Importing, integrating and distributing such a large and diverse dataset presents practical challenges, but also more fundamental ones. When individually reasonable data management requirements come into conflict, can a solution be found that satisfies both without compromising either? In this session I present, with examples, four such conflicts and the ways in which we harmonise and resolve them.
Approach & Results
Gather perfect data / Handle imperfect data
A data manager does not want to allow erroneous data into their database, but nor do they want to discard data that are imperfect but still meaningful. The approach that we take is to implement automatic validation at the point of entry, tailored to the data source in question.
Fix data issues / Don't make assumptions
Ideally every data issue that is detected should be fixed or flagged, but correction is not always possible and it's rarely clear where to draw the line between error and outlier. We address this via comprehensive data documentation, empowering each analyst to identify, assess and handle the values that might be problematic for them.
Be flexible / Be consistent
Every researcher has different data requirements, definitions and exclusions. Data management must support this without needless duplication of effort, or leaving everyone working on incompatible datasets. Our solution is centralised distribution: a single core database, centrally maintained and updated, from which all analyst's datasets are derived, and into which the work of individuals is incorporated for the benefit of all.

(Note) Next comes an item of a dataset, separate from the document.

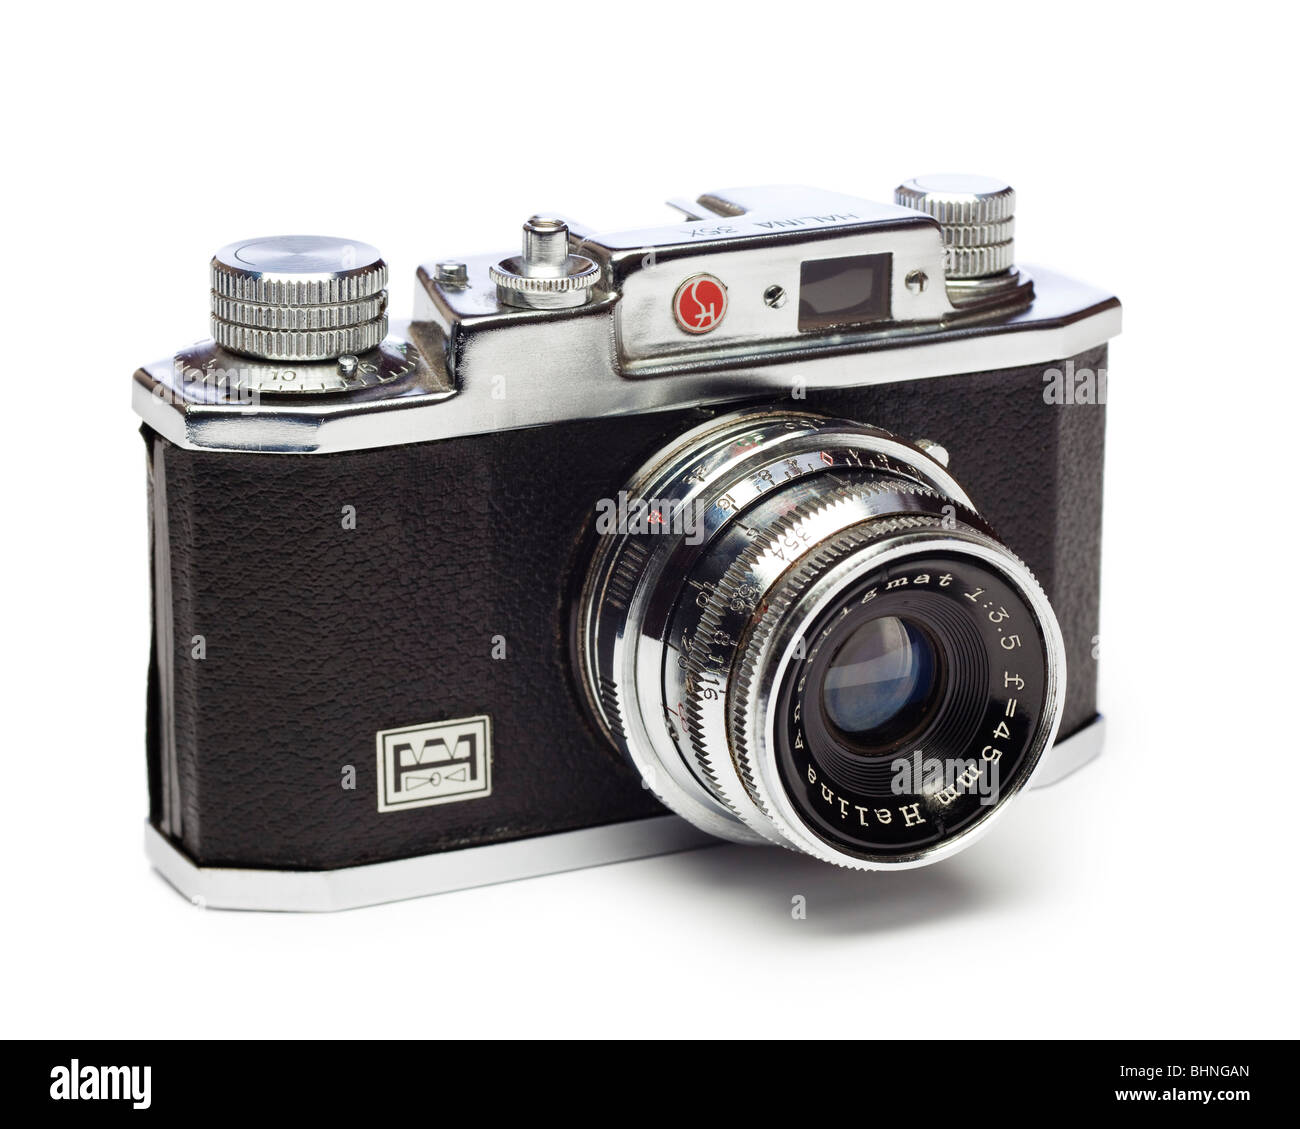 Old vintage camera - Halina 35x optique appareil photo Banque D'Images

Keep it simple / Include everything
Most analyses examine some areas of the data in great detail but require only basic summaries of others. We supports this using well-chosen data aggregation, offering multiple levels of detail so that each analyst can decide how far they wish to ‘zoom in’ on each element.
Conclusion
Some apparently contradictory requirements of data management can be resolved with the above techniques, creating a resource suitable for a wide range of applications without compromise.
|